Each record contains the full set of 18 annotations keyed by the document identifier from the original corpus, allowing metadata to be joined back to the source corpus without rehosting source text. The licensing is Apache 2.0 for model weights and CC-BY-4.0 for annotations, with release on the Hugging Face Hub (Idahl et al., 12 Feb 2026).
The paper presents three case studies to argue that multi-property annotation reveals structure hidden by scalar scoring. In German multi-source profiling, FinePDFs has 21.4% “excellent” quality versus 2.4% in FineWeb-2, about 12× more content with analytical reasoning indicators, and 7.4% high educational value versus 0.6% in FineWeb-2; HPLT 3.0 shows more content fragments and degraded documents than FineWeb-2. In a Nemotron-CC audit, even the “high” tier still contains documents with heavy or pure-marketing commercial bias, thin information density, and incomplete content integrity. In FineWeb-2, the paper reports notable cross-language variation in content quality, commercial bias, educational value, and content type composition, with commercial bias and information density showing the largest variation, suggesting that multilingual curation likely needs language-specific thresholds (Idahl et al., 12 Feb 2026).
These analyses are central to the paper’s conceptual claim. The release is not only an annotation model and not only a metadata dataset; it is also an empirical argument that pretraining corpora differ substantially in quality, reasoning depth, and composition along axes obscured by scalar filtering.

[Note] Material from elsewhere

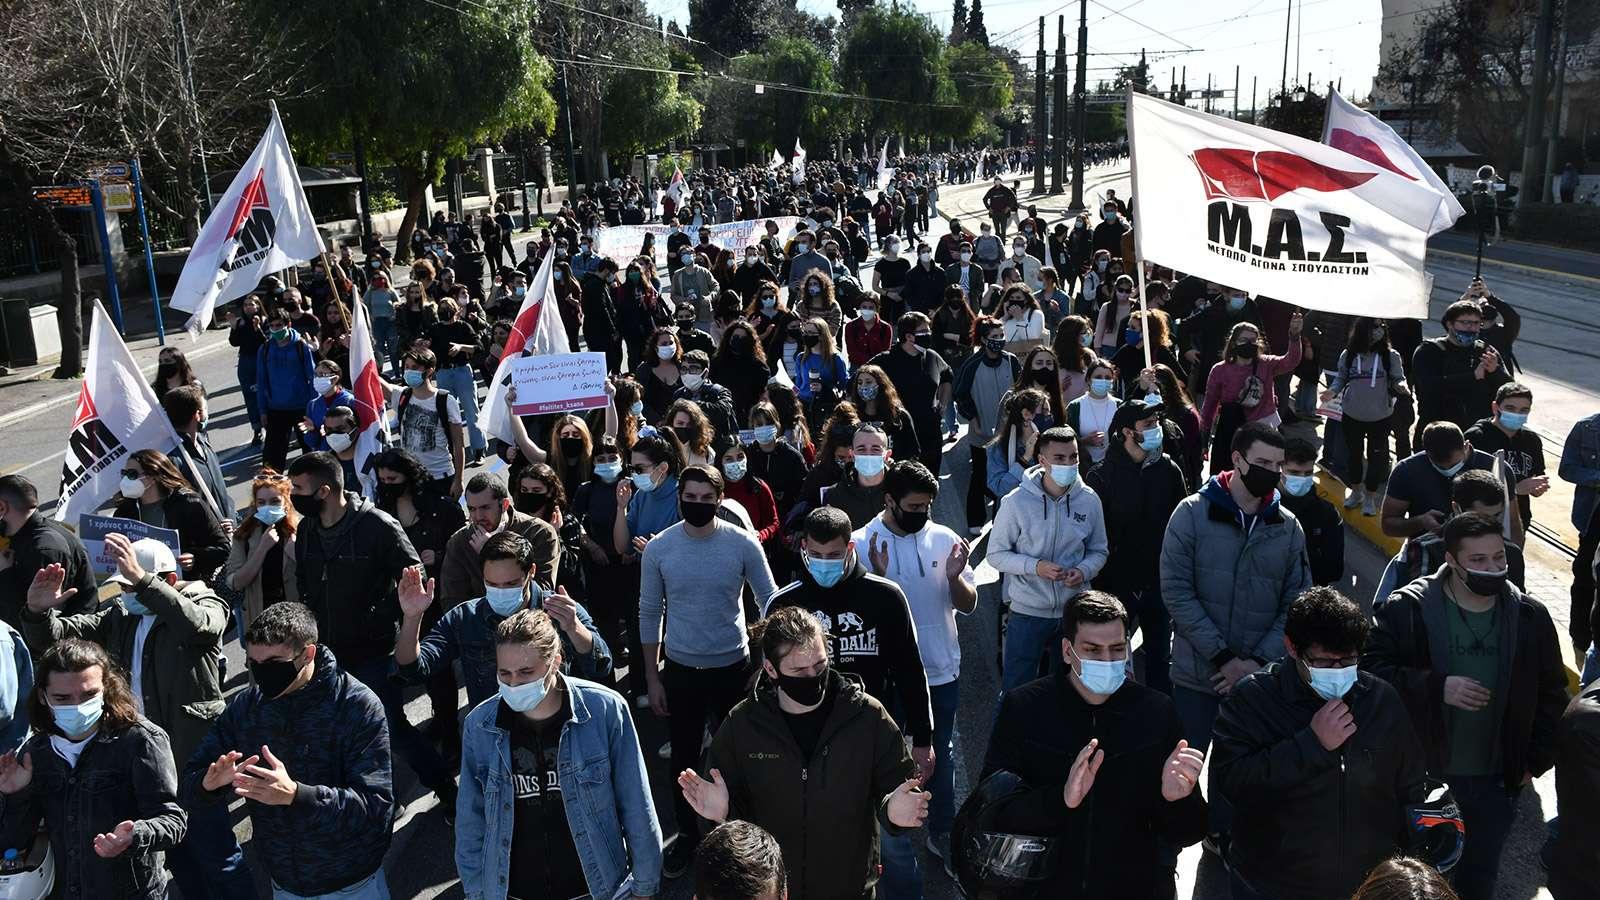 Πανεκπαιδευτικό Συλλαλητήριο Αθήνα Σύνταγμα 10 Φεβ 2021

7. Limitations, cautions, and significance
The paper is explicit about several limitations. Evaluation is against Gemini-3-Pro, not humans; teacher-generated training labels and evaluation labels may share biases; LLM judges may prefer outputs similar to their own generations; multilingual judging reliability may vary by language, especially low-resource ones; underrepresented languages and content types may be less consistent; and the rubric reflects one team’s design choices. Most importantly, the paper states that it has not yet shown downstream pretraining gains from Propella-based filtering (Idahl et al., 12 Feb 2026).
It also cautions that safety and PII annotations are useful signals, not substitutes for dedicated moderation or privacy review. This is a significant boundary condition. A plausible misconception is to treat Propella-1 as a general-purpose safety or governance system; the paper instead presents it as a structured annotation layer within a broader curation pipeline.

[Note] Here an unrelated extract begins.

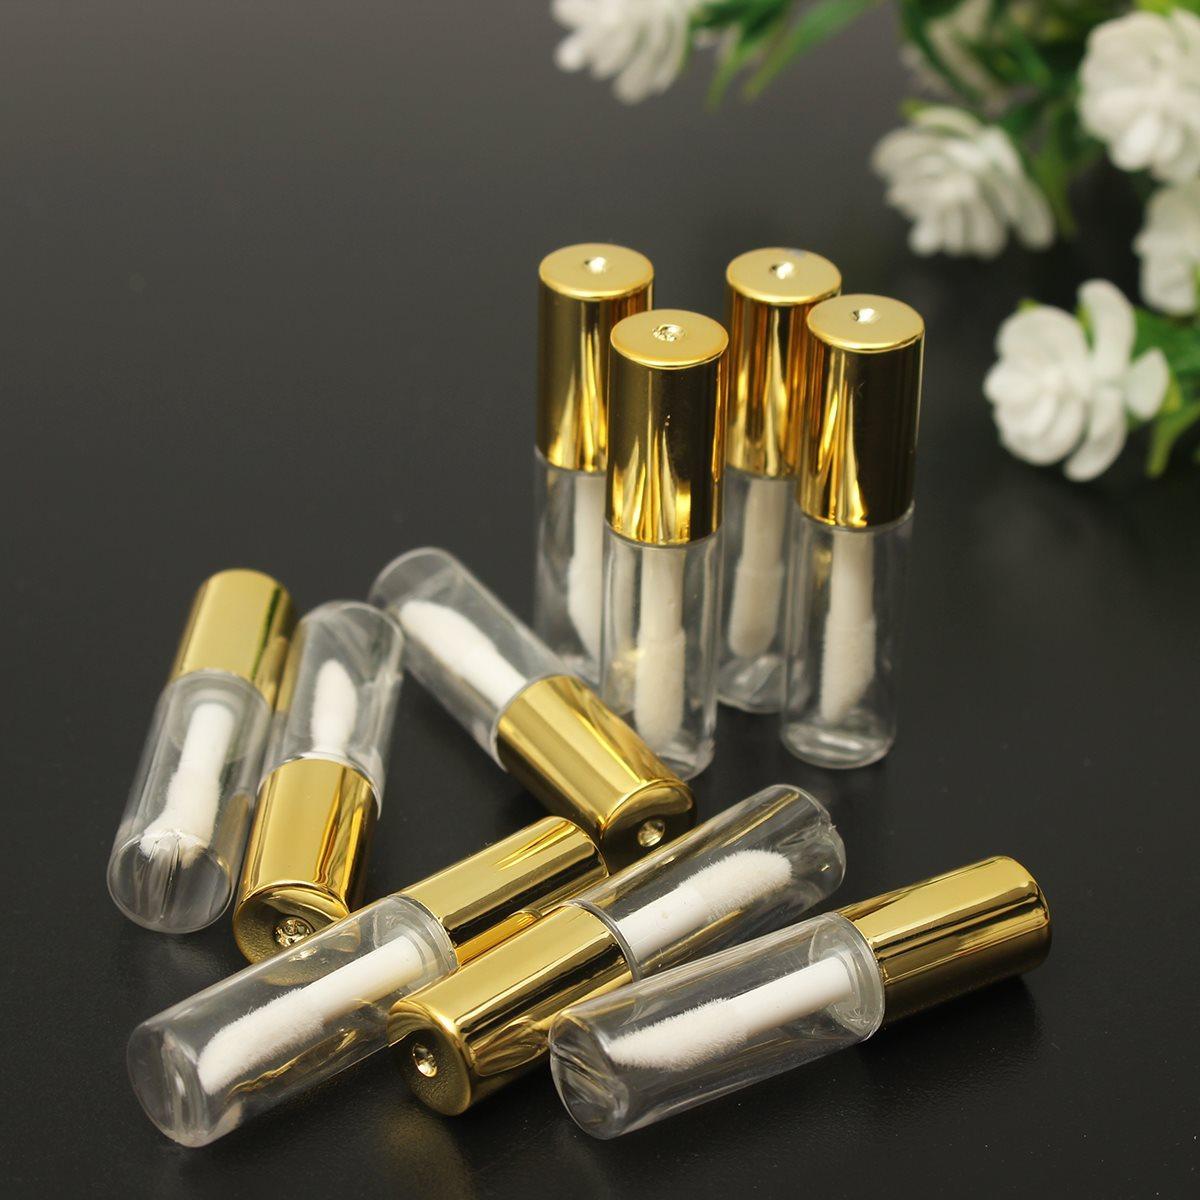 Toptan 1.2 ml Boş Ruj Tüpler Temizle Dudak Parlatıcısı Balsamı Şişe Konteyner Güzellik Aracı Altın Kap Mini Örnek Şişeleri

Operationally, the intended workflow is straightforward: run Propella-1 over a raw or partially filtered corpus, store JSON metadata keyed by document ID, profile the corpus by language, source, domain, or property distributions, define compositional filtering rules, and sample or weight documents according to those structured conditions. The paper gives examples such as keeping documents with high reasoning_indicators, low commercial_bias, and no_pii, or building scientific subsets using technical_content ∈ {scientific,data_heavy} with content_quality ∈ {good,excellent} (Idahl et al., 12 Feb 2026).

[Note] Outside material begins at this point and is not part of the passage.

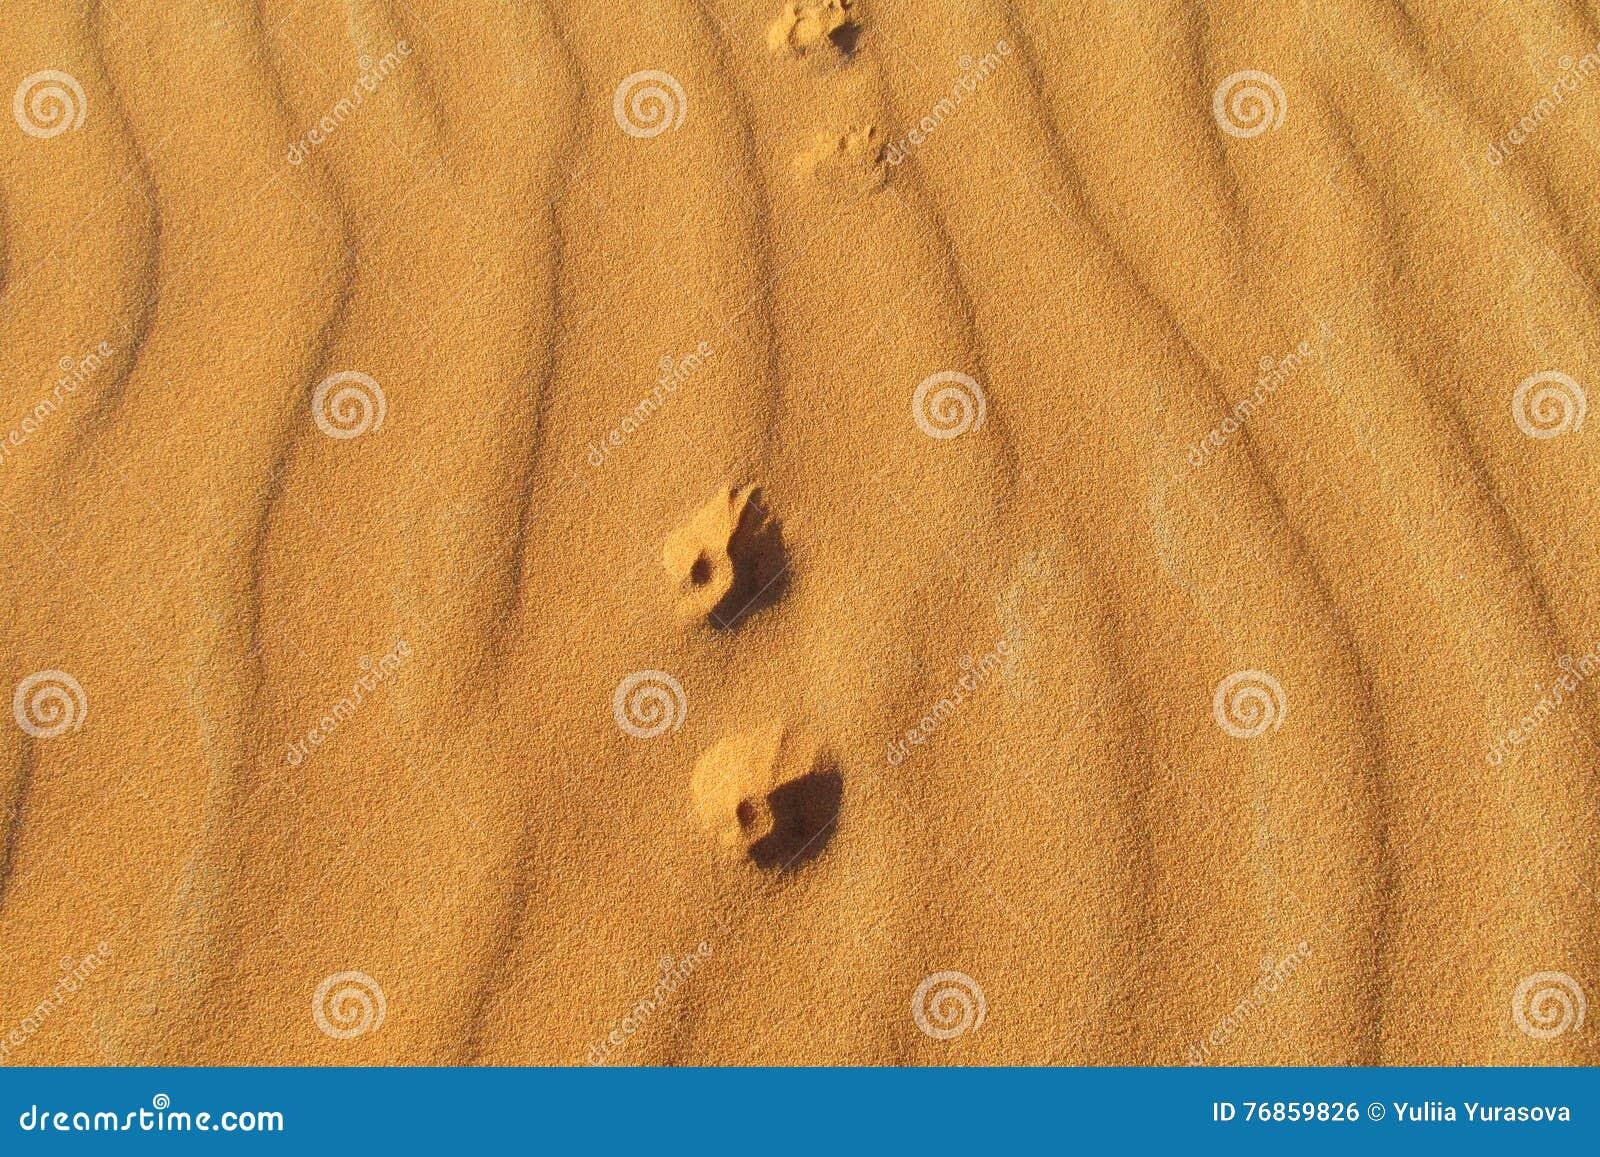 Impresiones del pie de un pequeño zorro en la arena

In that sense, Propella-1 marks a shift from “one document = one quality number” to “one document = a structured profile over 18 curated properties.” The paper’s strongest claim is not merely that a small model can imitate a larger annotator, but that compositional metadata can expose and operationalize distinctions—reasoning versus pedagogy, density versus polish, objectivity versus marketing, language versus geography—that single-score pipelines systematically collapse.